Interviews with more than 2,700 adults over the age of 18 revealed that nearly three-quarters of them said they were struggling with debt, and it was a “high” or “moderate” source of anxiety for 40 percent of them. Almost half of those interviewed were carrying at least $25,000 in debt, and the average debt load was $37,000, excluding mortgages. More than 1 in 10 owed more than $100,000, and 45 percent of those carrying debt were spending half their monthly income on debt repayments.
And yet still we spend.
The individuals surveyed by Northwestern spent on average 40 percent of their income on non-essential items, such as travel, entertainment, eating out and hobbies, despite saying they felt anxious about their financial futures.
“We have fueled a consumerism with easy credit, advertising and social media, and people don’t understand the financial trade-offs involved in their spending,” said Rebekah Barsch, director of financial planning at Northwestern Mutual. “There’s all kinds of ways to get into debt and relatively fewer ways to get out of it.”
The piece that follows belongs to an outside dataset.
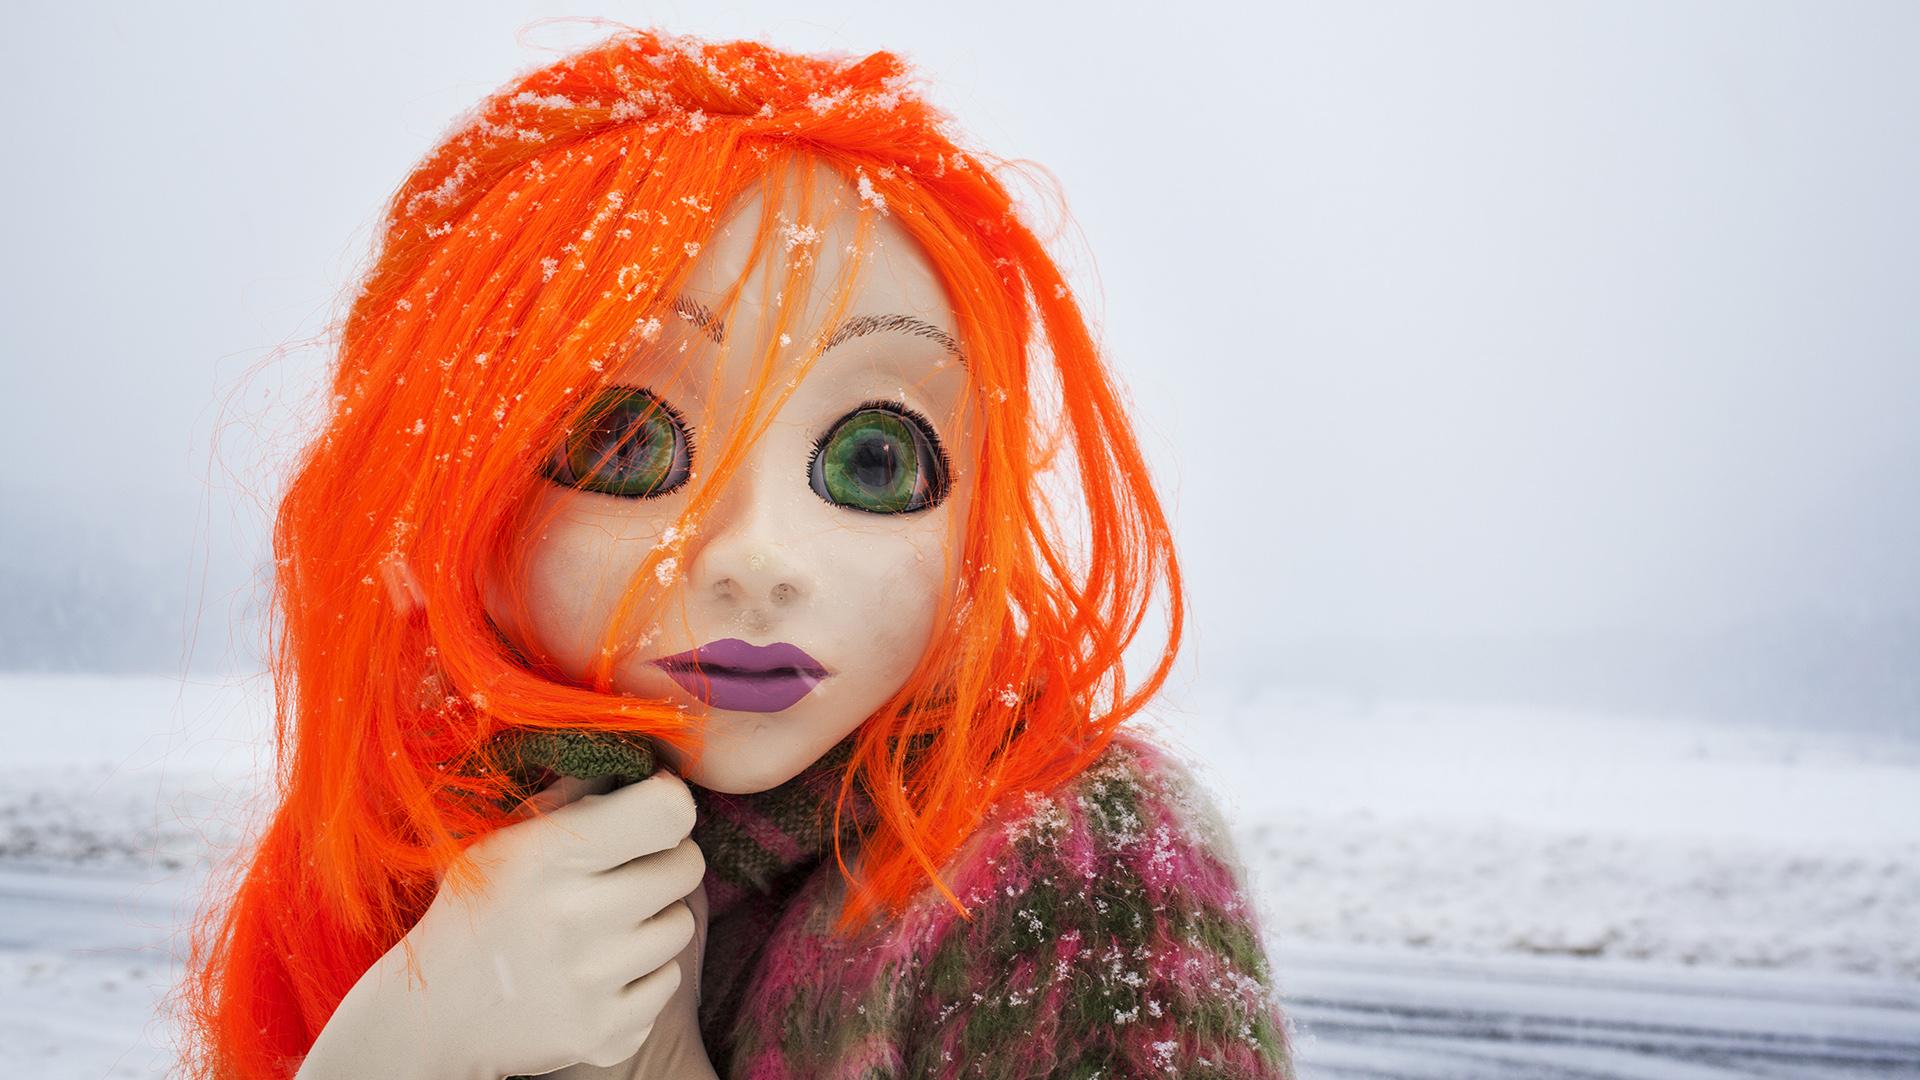 Laurie Simmons, Orange Hair/Snow/Close Up, 2014. Photo: © Laurie Simmons, courtesy of the artist and Salon 94.

There are ways out, however. Here are five ideas and/or strategies that financial advisors use to help clients with large amounts of debt improve their financial outlook.
1. Don’t beat yourself up.
A heavy debt load can lead to a sense of helplessness for borrowers. Many are ashamed of their situation and would rather ignore the problem than face it.
“Debt can be debilitating,” said financial advisor Lazetta Braxton, founder and CEO of Financial Fountains. “There’s a lot of guilt and shame involved, and when someone is in that drift zone, it can be debilitating.”
Braxton, a certified financial planner, says that most people are relieved just to talk about the situation openly. “I don’t overemphasize the issue. I just treat it as part of the financial planning process,” she said. “Once people get a full picture of their situation and develop a plan to deal with it, they feel good about making a clean start.”
Don’t feel helpless and ashamed. It will only make matters worse. Talk to your financial advisor if you have one, or book an hour with a debt counselor to talk things through.
2. Take inventory and prioritize.
What kinds of debt do you have? Take an inventory of all the balances you owe, the interest rates they carry and the minimum payments required to avoid higher interest charges.
Once you have a clear picture of your situation, you can prioritize which debts to attack first. The rule of thumb is to pay your minimums on all obligations, then focus on paying down the high-rate debt (usually credit cards) as opposed to low-rate debt, like a student loan or mortgage. Unfortunately, emotion often comes into play.